Aim of the exercise: When you return the material, keep every line exactly as it is and omit the pictures.

Data section:
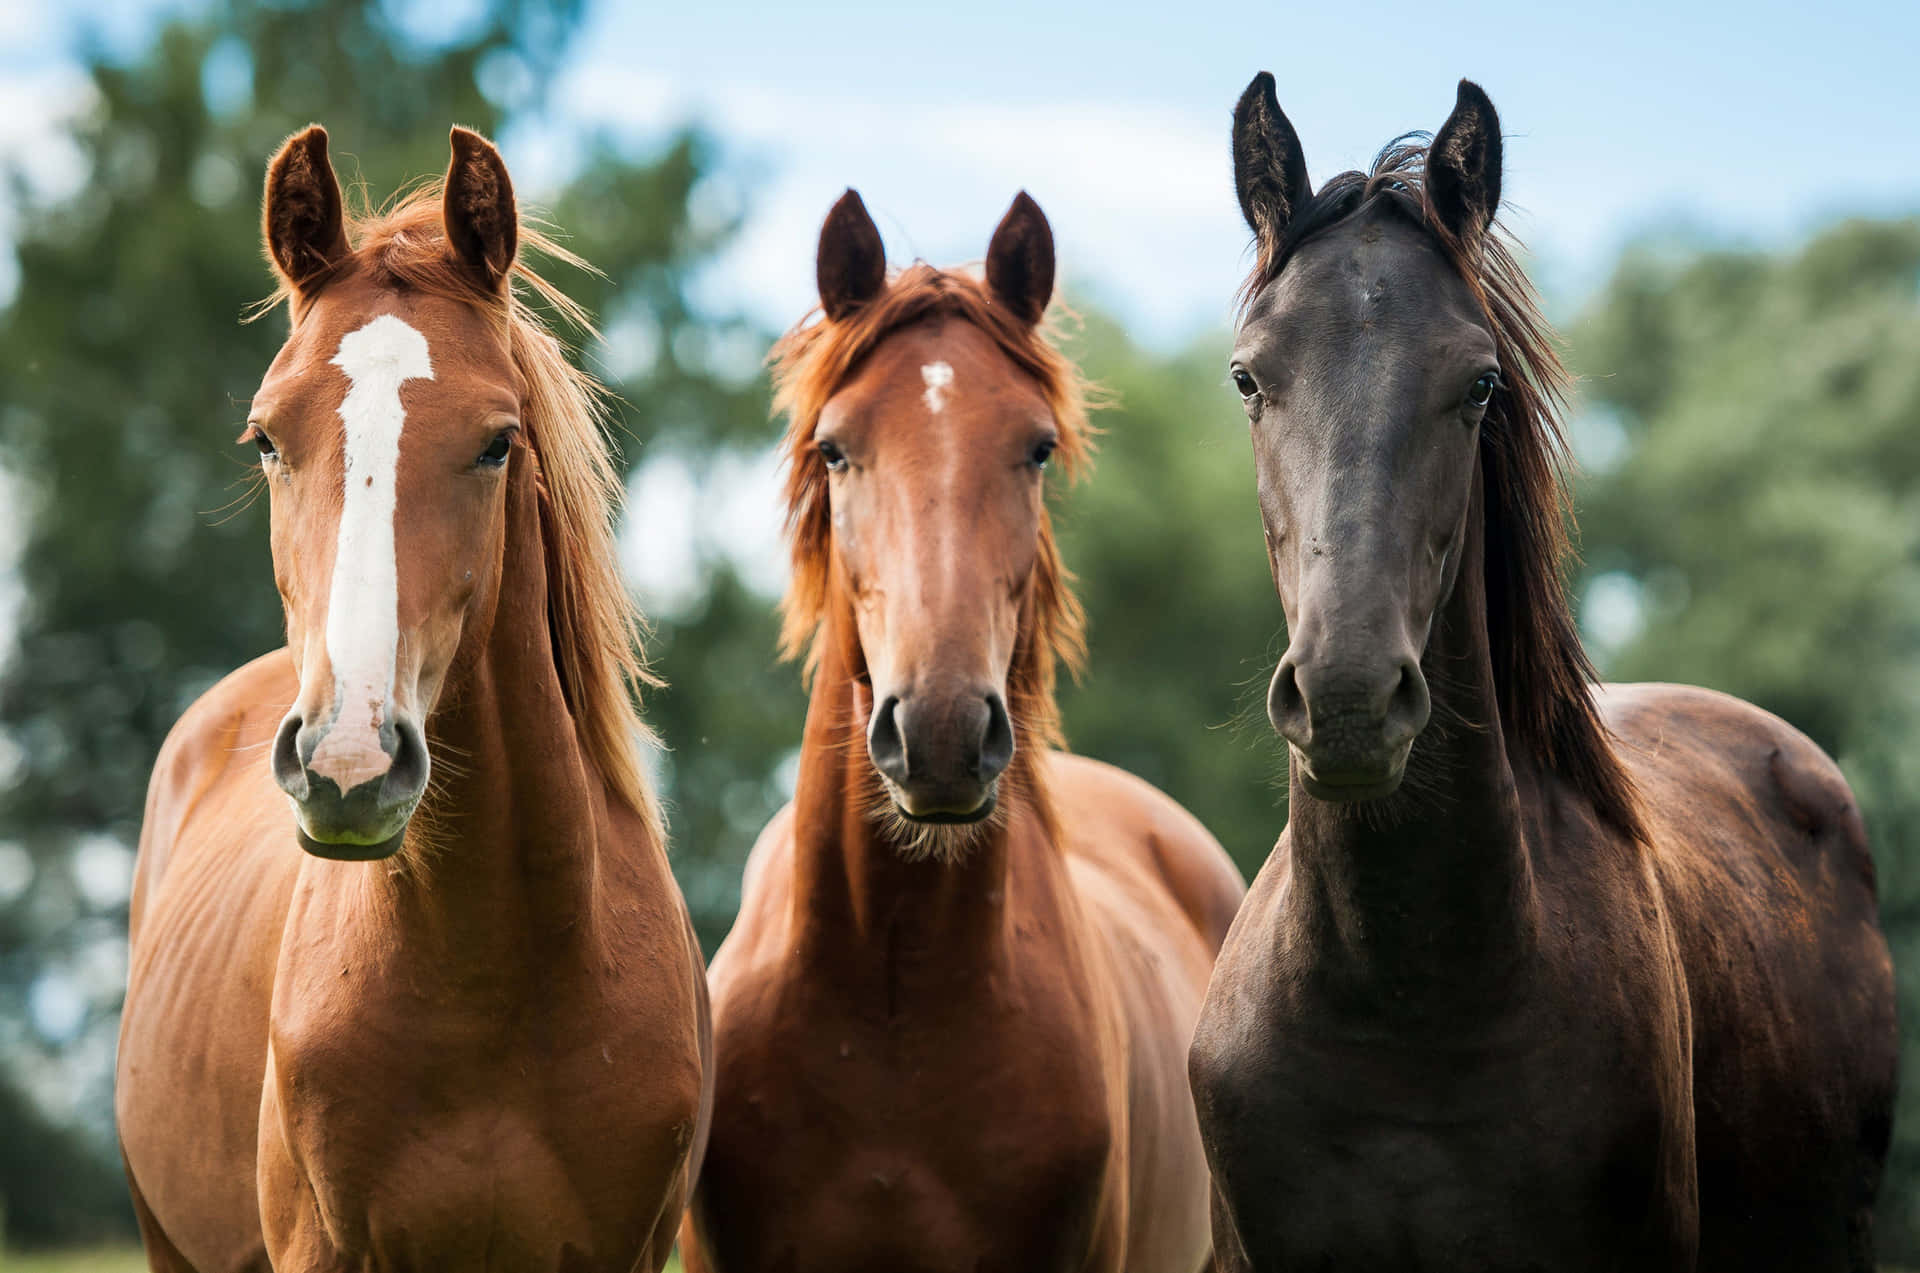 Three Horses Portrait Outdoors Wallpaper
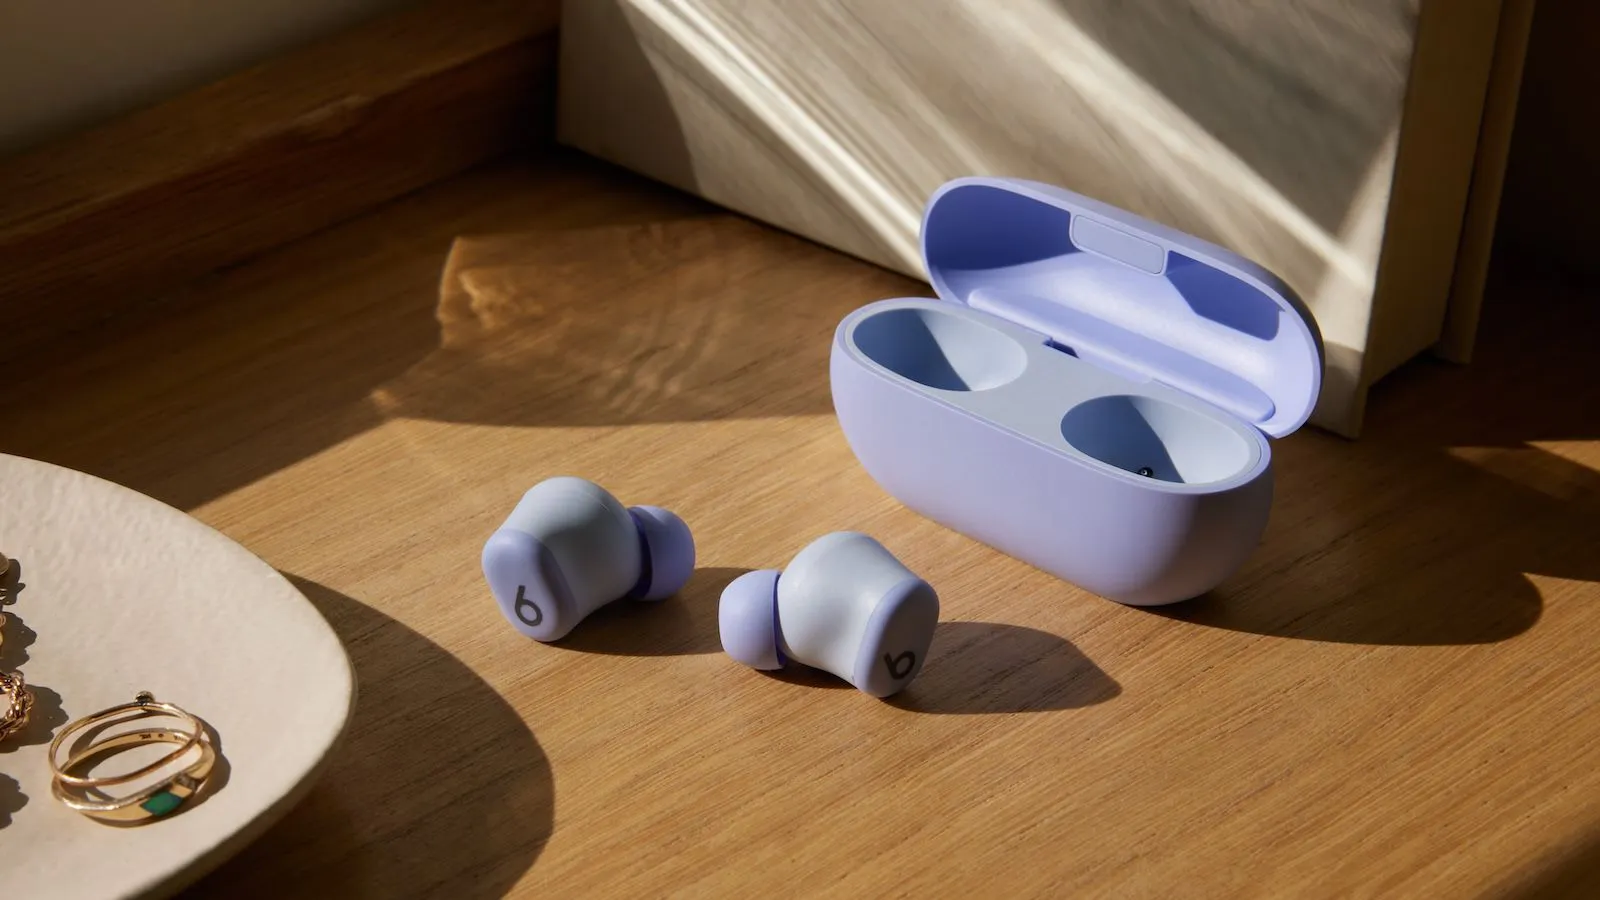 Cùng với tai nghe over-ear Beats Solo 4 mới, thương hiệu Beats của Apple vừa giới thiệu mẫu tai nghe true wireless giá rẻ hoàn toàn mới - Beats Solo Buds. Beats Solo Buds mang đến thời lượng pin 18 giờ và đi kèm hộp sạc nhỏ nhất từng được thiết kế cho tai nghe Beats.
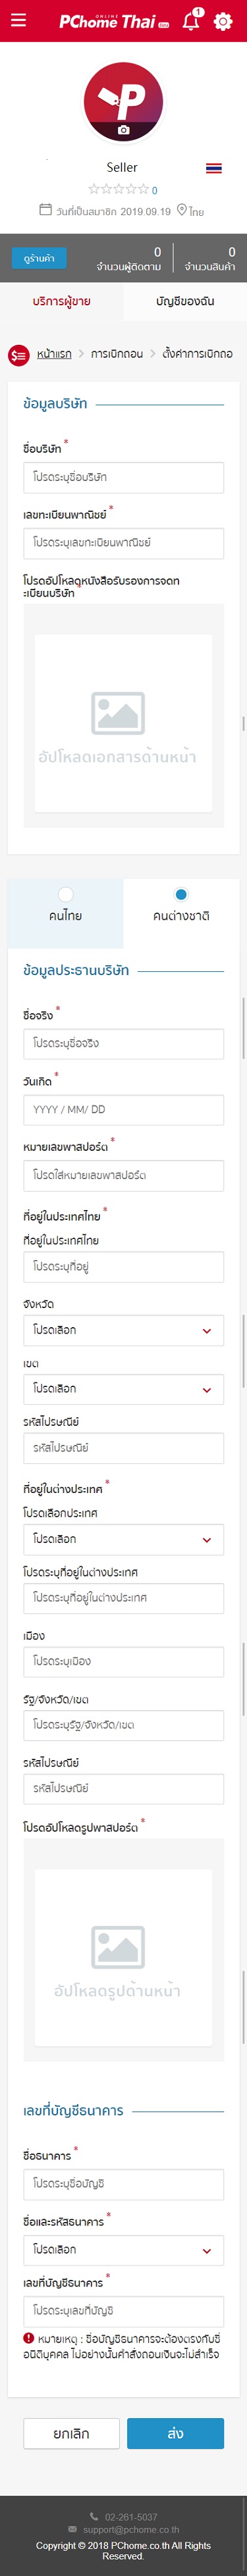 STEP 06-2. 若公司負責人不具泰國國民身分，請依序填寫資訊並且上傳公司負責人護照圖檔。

Your solution:
 Three Horses Portrait Outdoors Wallpaper
 Cùng với tai nghe over-ear Beats Solo 4 mới, thương hiệu Beats của Apple vừa giới thiệu mẫu tai nghe true wireless giá rẻ hoàn toàn mới - Beats Solo Buds. Beats Solo Buds mang đến thời lượng pin 18 giờ và đi kèm hộp sạc nhỏ nhất từng được thiết kế cho tai nghe Beats.
 STEP 06-2. 若公司負責人不具泰國國民身分，請依序填寫資訊並且上傳公司負責人護照圖檔。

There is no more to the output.